Jessicarachel I am so sorry for your loss, We had to say goodbye to our little boy at 20 weeks 2 and half months ago :cry: and I can so empathise with ypur longing for a baby, I too am obsessed with becoming pregnant again and longing to feel a little baby fluttering around 

Keep strong my lovely, I hope it happens for us both soon xxxx


----------



## Abblebubba

:hugs:


----------



## jojo23

so sorry for your loss hun, i lost my little girl Lily at 22 weeks on 16th feb, im also obsessed with becoming pregnant again but im trying to keep my anxiety under control so im just leaving it to chance this month. i understand your anger hun i hate when people say oh you can have another like a baby is disposable!!?! i find it quite hard to visit Lily's grave just because i hate to think of her there...being honest it has gotten a little easier for me but i still think of her 20 times a day and will till the day i die, my due date is coming up soon and i know ill be a total mess but i have to stay stong because i want to get pregnant again so much and i know if im stressed it wont happen!

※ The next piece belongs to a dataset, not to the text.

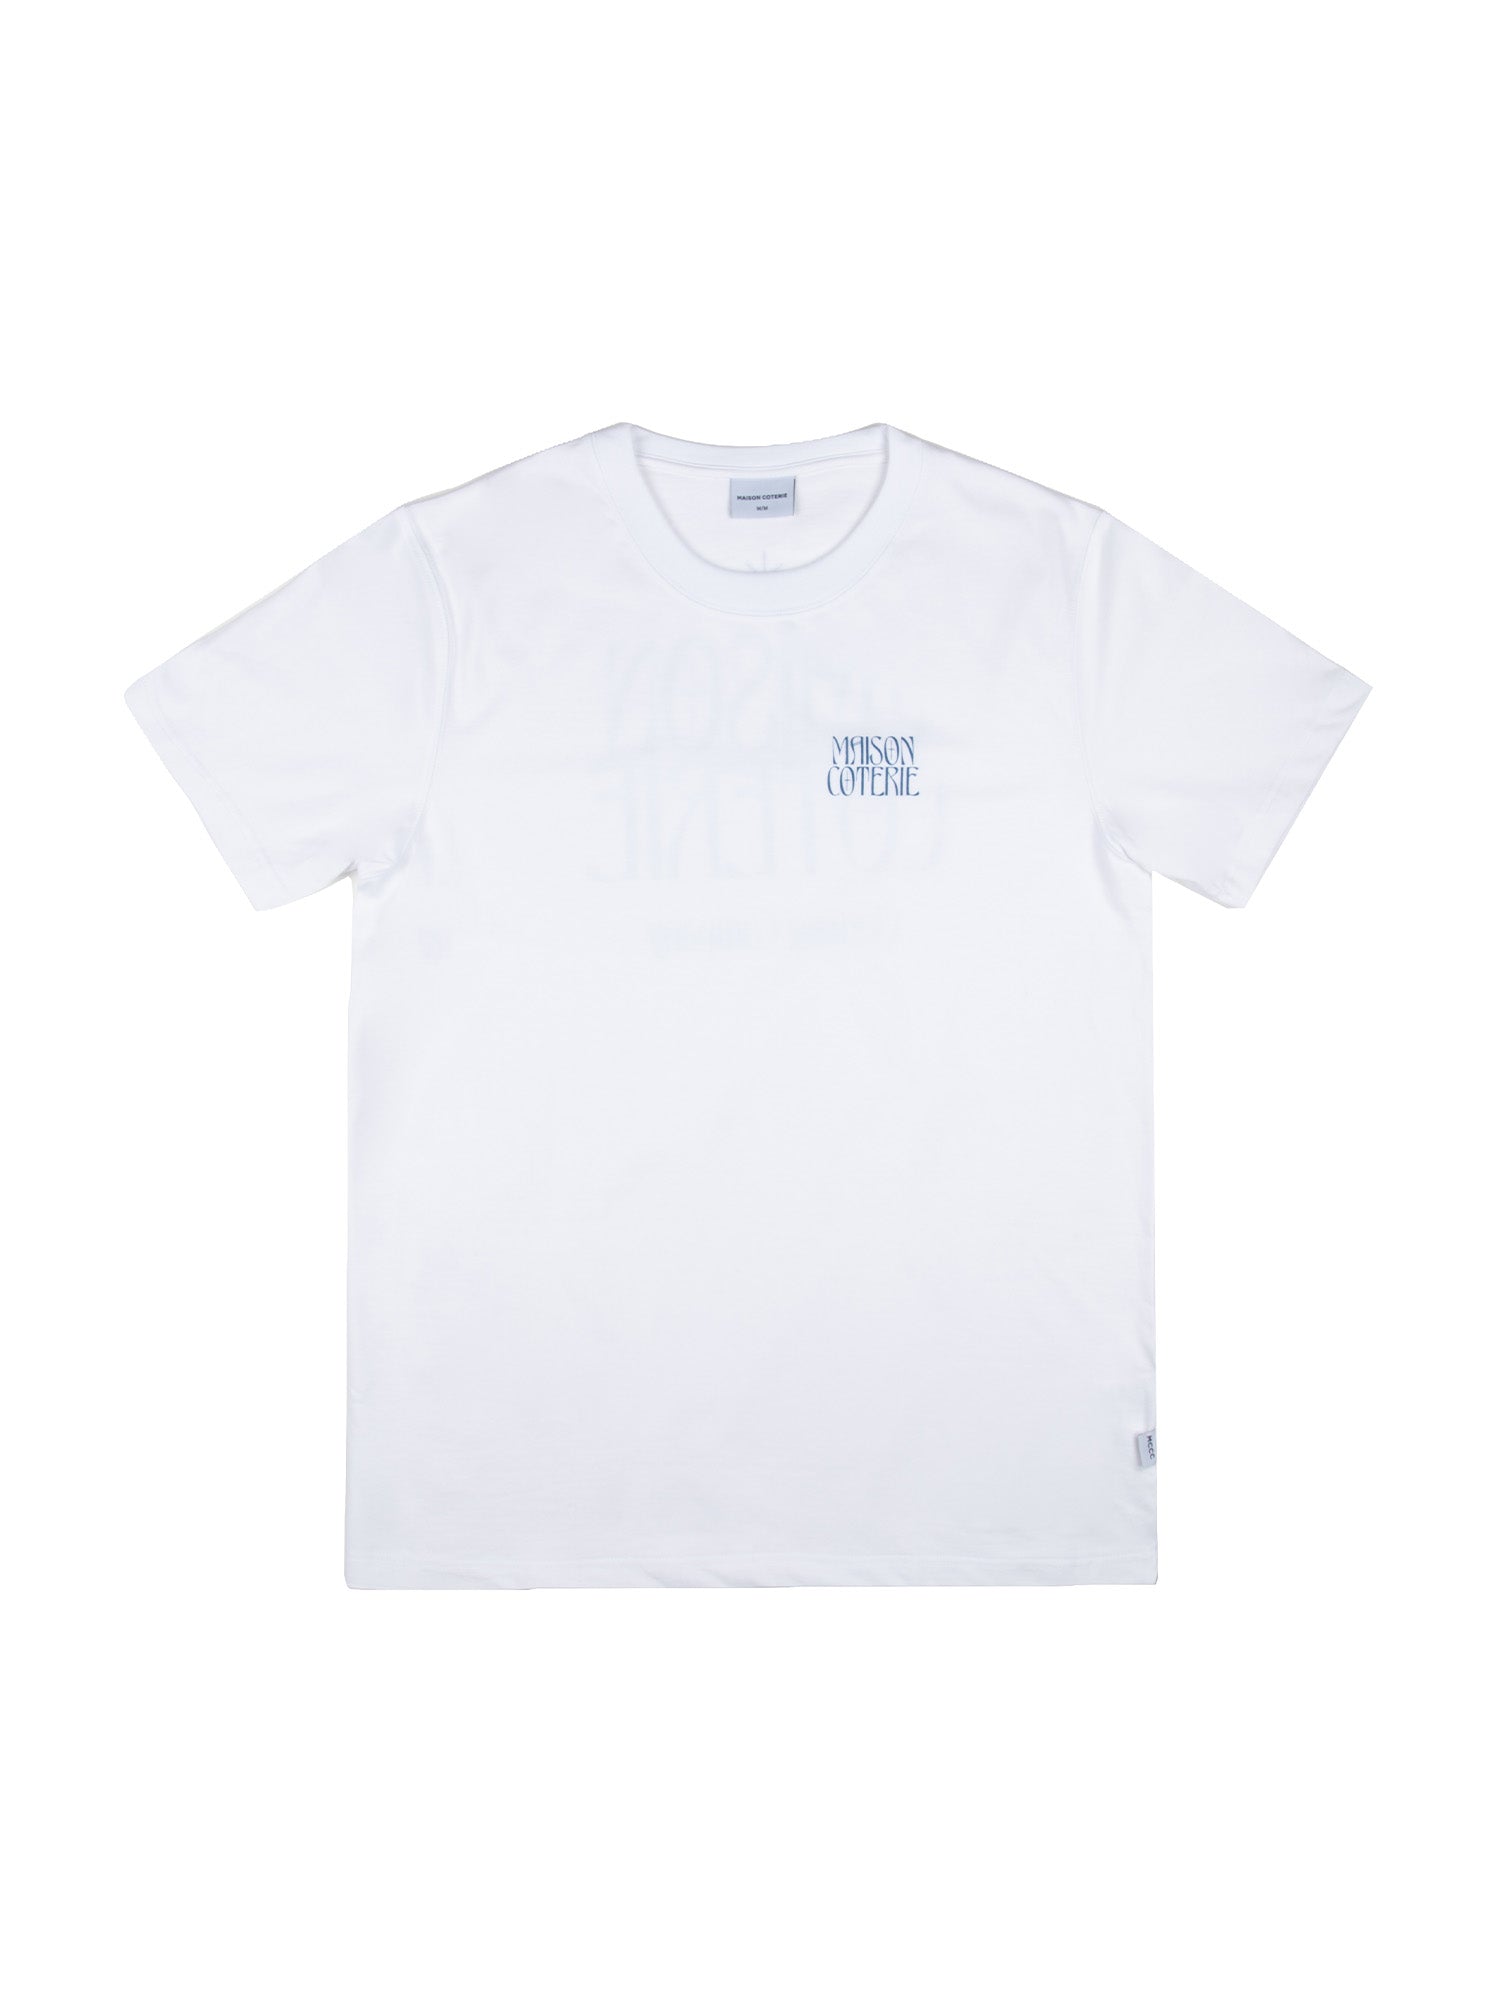 Asher - Graphic T-Shirt - White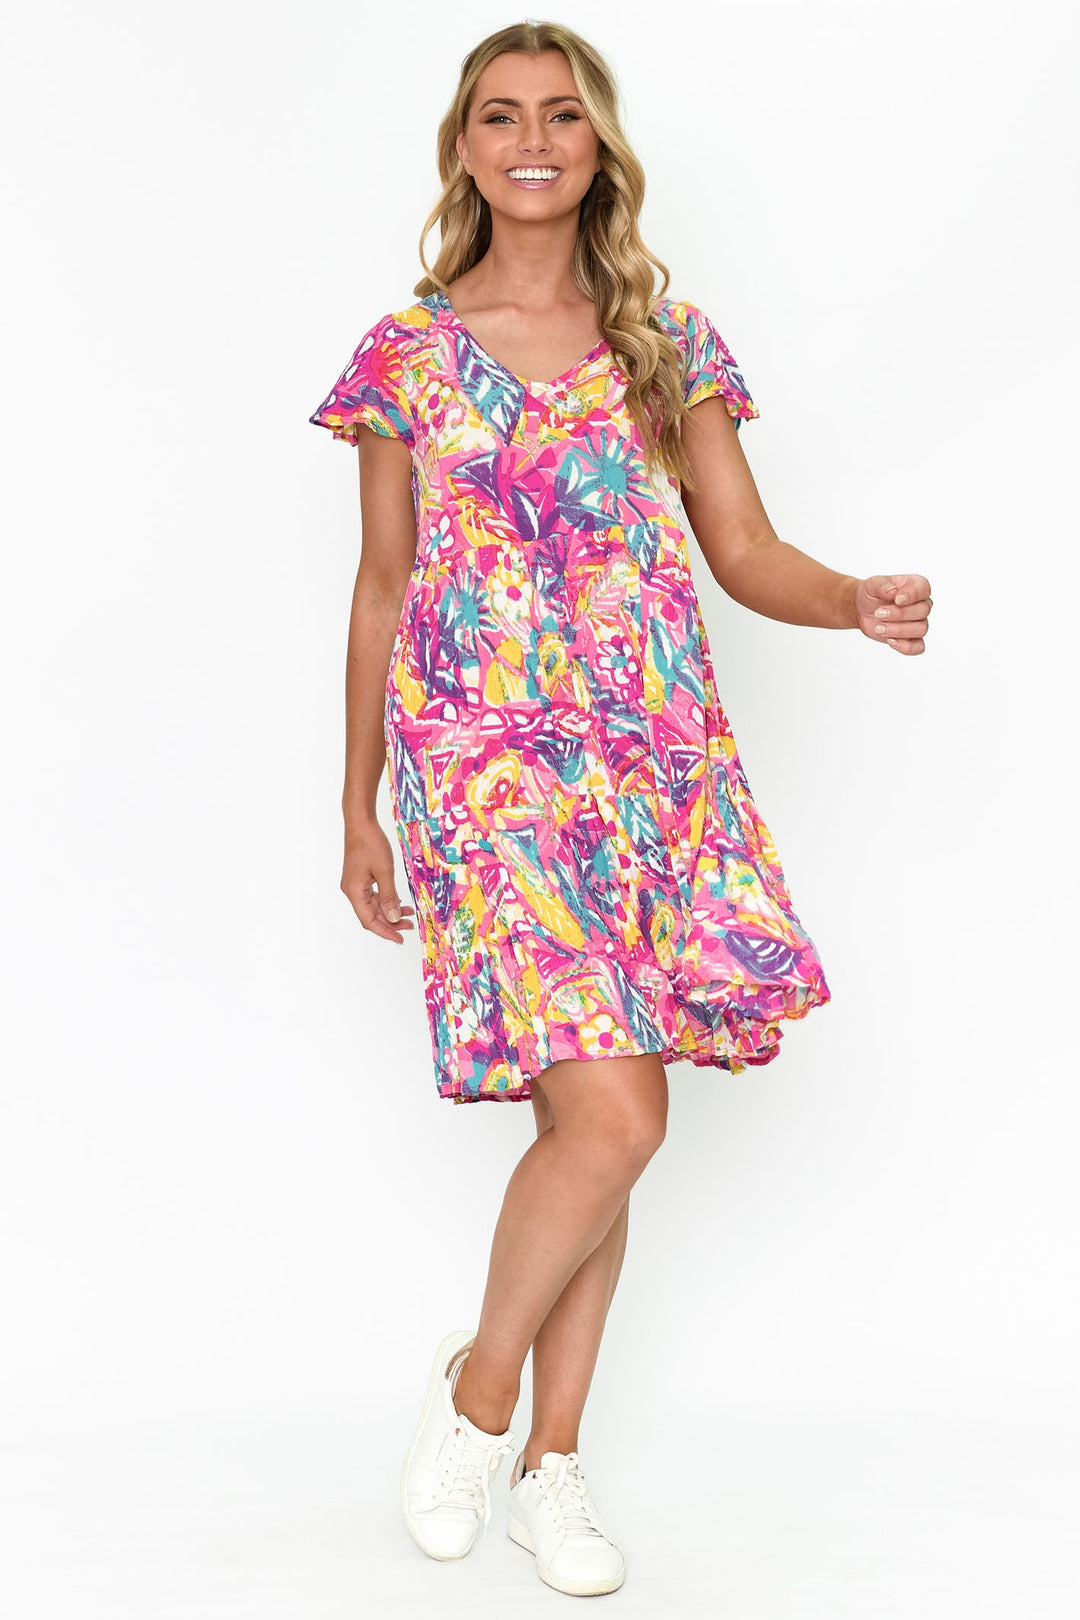 One Summer Kimberly V-Neck Dress DW71F Print 10 Pink Short Sleeve - Dotique

so sorry for what you had to go through hun:hugs: to you and your little angel xxxx


----------



## Bartness

:hugs:


----------



## ms.hope

I am truly sorry for your loss and we are here to support each other.


----------



## myfirstone

I'm so sorry!!!!!


----------



## Moti

Jessicarachel - I am so sorry you're going through this..:cry: 

Please don't let anyone tell you to "move on" or "get over it". It just doesn't work that way. Only those of us who have lost can understand this.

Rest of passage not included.